- Born: Jerome Thomas Evans Jr. August 29, 1929 Goldsboro, North Carolina, U.S.
- Died: August 13, 1995 (aged 65)
- Education: North Carolina Central University
- Occupation: High school football coach
- Known for: First black man in the US South to serve as head football coach at a formerly all-white high school
- Spouse: Helen Wall ​(m. 1957)​
- Children: 2

= Jerome Evans (American football) =

American football coach (1929–1995)

Jerome Thomas Evans Jr. was a black high school football coach in the state of North Carolina during the 1950s through the 1970s. He became head football coach at Walter M. Williams High School in 1970, later serving as assistant principal. He died on August 13, 1995, in Burlington, North Carolina, United States at the age of 65.
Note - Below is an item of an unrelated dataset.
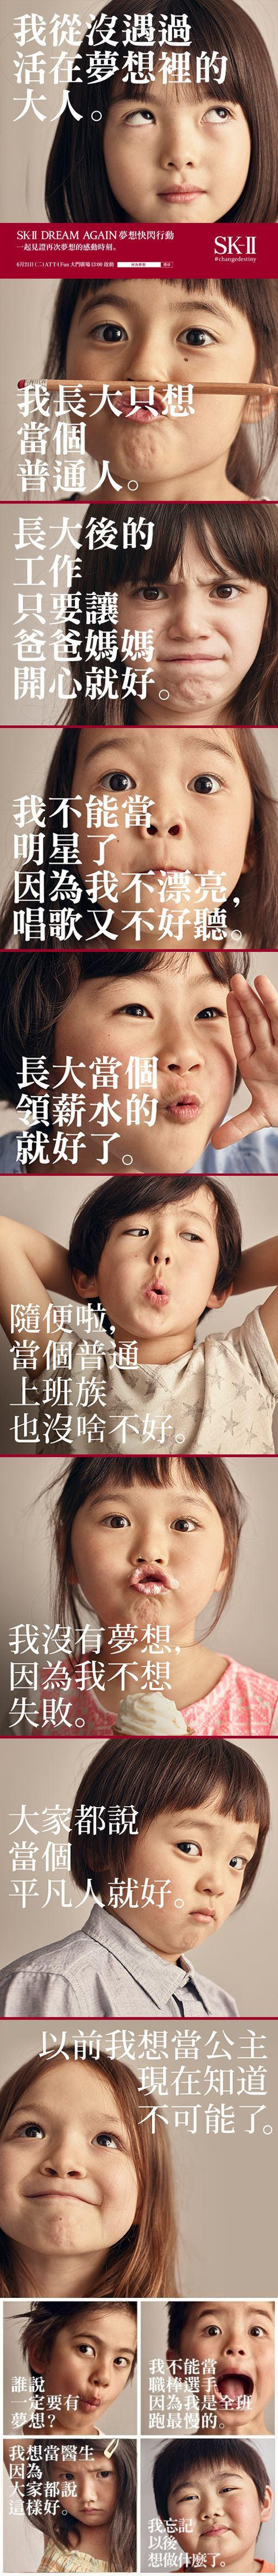 SK-II #Dream Again 夢想快閃行動 #文案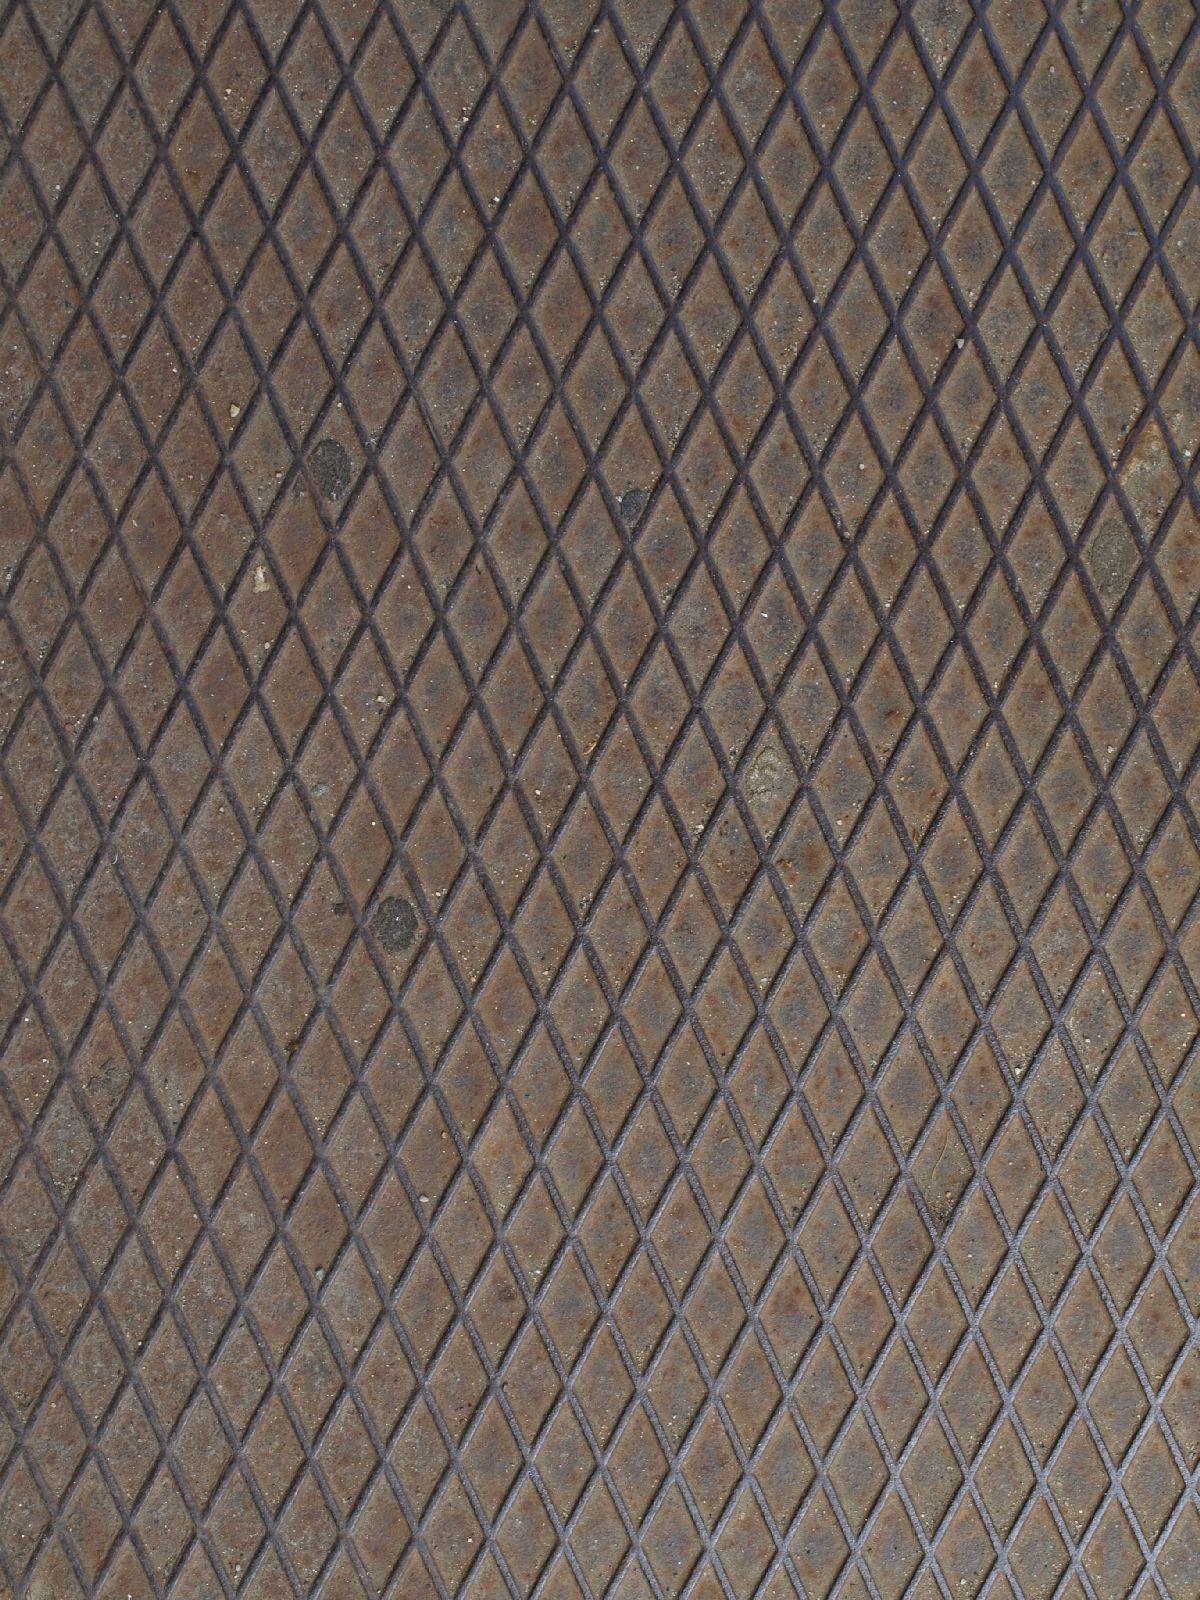 Metall_Textur_A_P4131055

Evans began his coaching career as head football, basketball and baseball coach at H.B. Sugg High School in Farmville, NC in 1954 at a time when there were only two football programs in the Pitt County area for African-American youth. In 1957, Evans married Helen Wall. Evans remained at H.B. Sugg High School for seven years, until 1962 when he moved on and became head coach at John Armstrong Chaloner High School in Roanoke Rapids, North Carolina, taking the school's football team from a 1–9 record to 8-2-1 in his third year. After three years in Roanoke Rapids, Evans and his family moved in 1965 to Windsor, North Carolina, where he had been appointed Head Football Coach at the all-black high school, Southwestern High School. Evans stayed at Southwestern for only one year. In 1966, Helen was offered a teaching position at Jordan Sellars High School in Burlington, North Carolina. Evans was also offered a coaching and teaching position, and in the late spring of 1966, Evans and his family moved to Burlington. His period of service at Walter M. Williams High School is documented in the book Black Coach by Pat Jordan.